Here's what happened: last spring I won a bid on ebay for a week of a timeshare in Quebec.  Since the HOA was only $348, I got it.  Recently I was sent a bill for the 2007 HOA at $477.  

I think that is too far a jump.  In California, I believe there is a set limited amount allowed for annual increase, and as I recall it is in the lower single digits.  I sure hope such is also true in Canada.

I should add this may have come about through a mistake in communication between the development itself in Canada and the agency that brokered the bid that I responded to.  Or maybe it some sore of bite and switch going on here.


----------



## Spence (Nov 9, 2006)

mojave19 said:
			
		

> I'm a Californian  In California, I believe there is a set limited amount allowed for annual increase, and as I recall it is in the lower single digits.  I sure hope such is also true in Canada.


I'd be interested in seeing this law or statute when you find it.


----------



## MaryH (Nov 10, 2006)

Remember, part of it may also be exchange rate related.

in 2001 US = 1.6 C$
   2002 US = 1.5 C$
   2003 US = 1.35 C$
   2004 US = 1.25 C$
   2005 US = 1.2 C$
   2006 US = 1.10-1.15 C$

Also not knowing which resort it is, difficult for us to comment any feedback.


----------



## MaryH (Nov 10, 2006)

Sound like you own at Club Vacances Magog.  If so, you might want to see the thread:

http://www.tugbbs.com/forums/showthread.php?t=32891


----------



## Dave M (Nov 10, 2006)

I don't know about Canada, but there aren't many jurisdictions that place a limit on the amount or percentage increase in annual fees. 

In California the limit, unless otherwise restricted by the resort's legal documents, is generally a 20% increase over the prior year's fees.

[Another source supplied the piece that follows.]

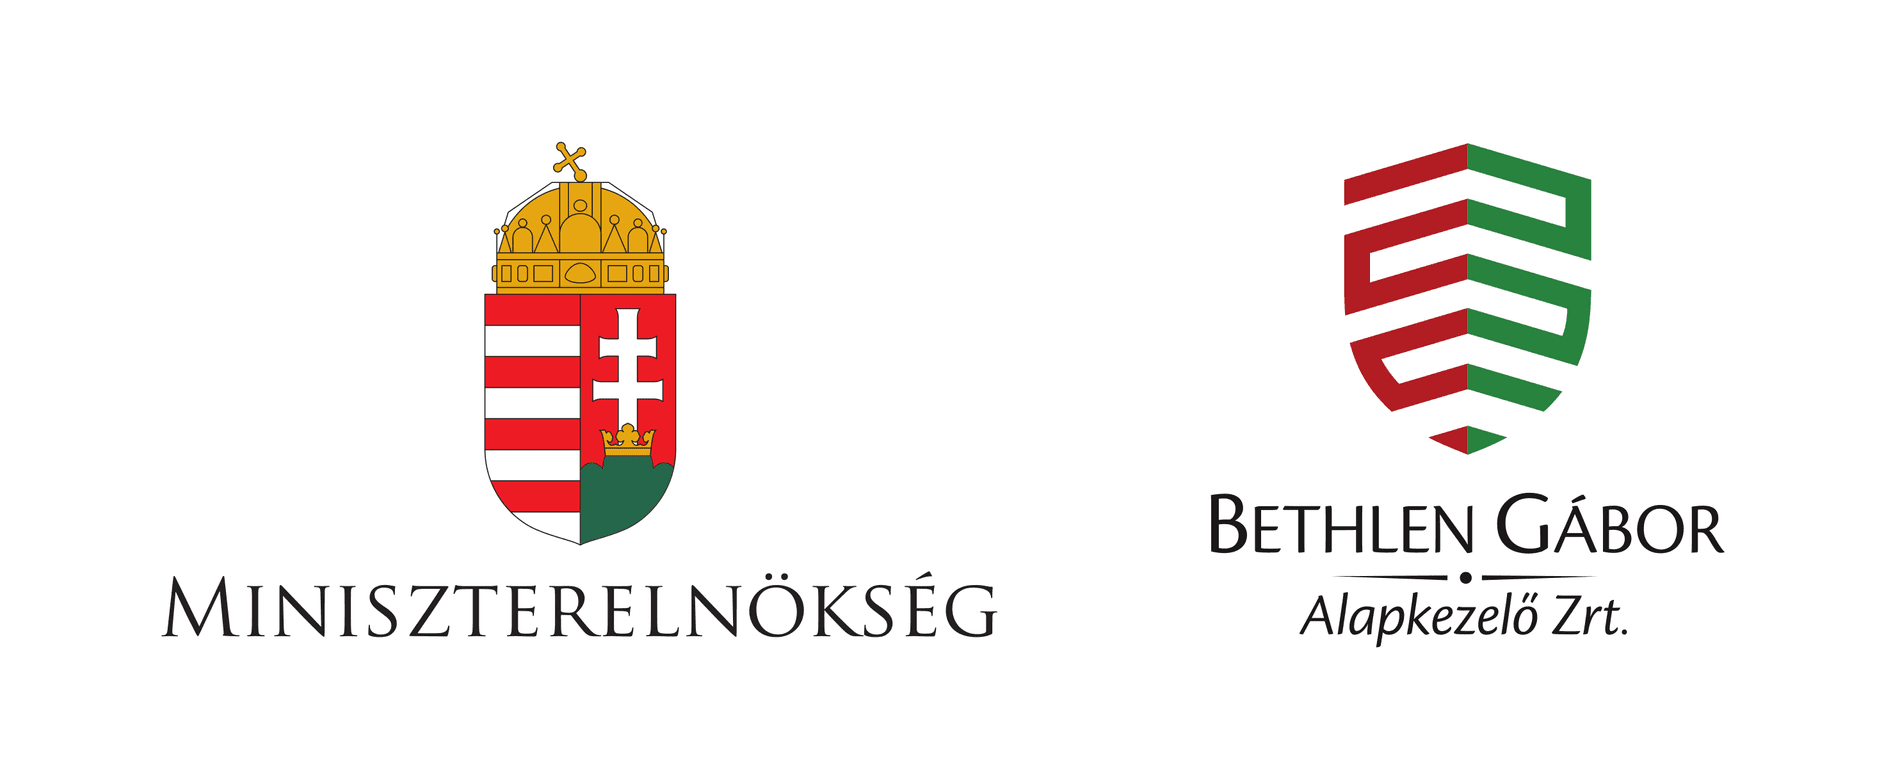 Bethlen Gábor Zrt és a Miniszterelnökség logója

That increase can be effectively increased significantly more if the resort imposes a special assessment, which can be for as much as 5% of the gross budgeted expenses for the resort. The increase can be higher than those limits if the resort obtains approval of a majority of votes (including developer votes) cast at a meeting of the homeowner's association. (California Codes Civil Code Sec. 1366 (b))


----------



## jef (Nov 10, 2006)

As far as I know there are no regulations relating to maintenance fee's. Were the amounts you quoted in Canadian or US Dollars?


----------



## BevL (Nov 11, 2006)

And did you actually check with the resort itself or pay them so that you know for sure what they were, or did you take the information from the brokerage company?  It is very common that sellers give incorrect information (not on purpose necessarily) about what the maintenance fees are.

Bev


----------



## DianeG (Nov 12, 2006)

Club Vacances Magog has taught us that RTU timeshares in Quebec have no more status or protection than a health club membership...


----------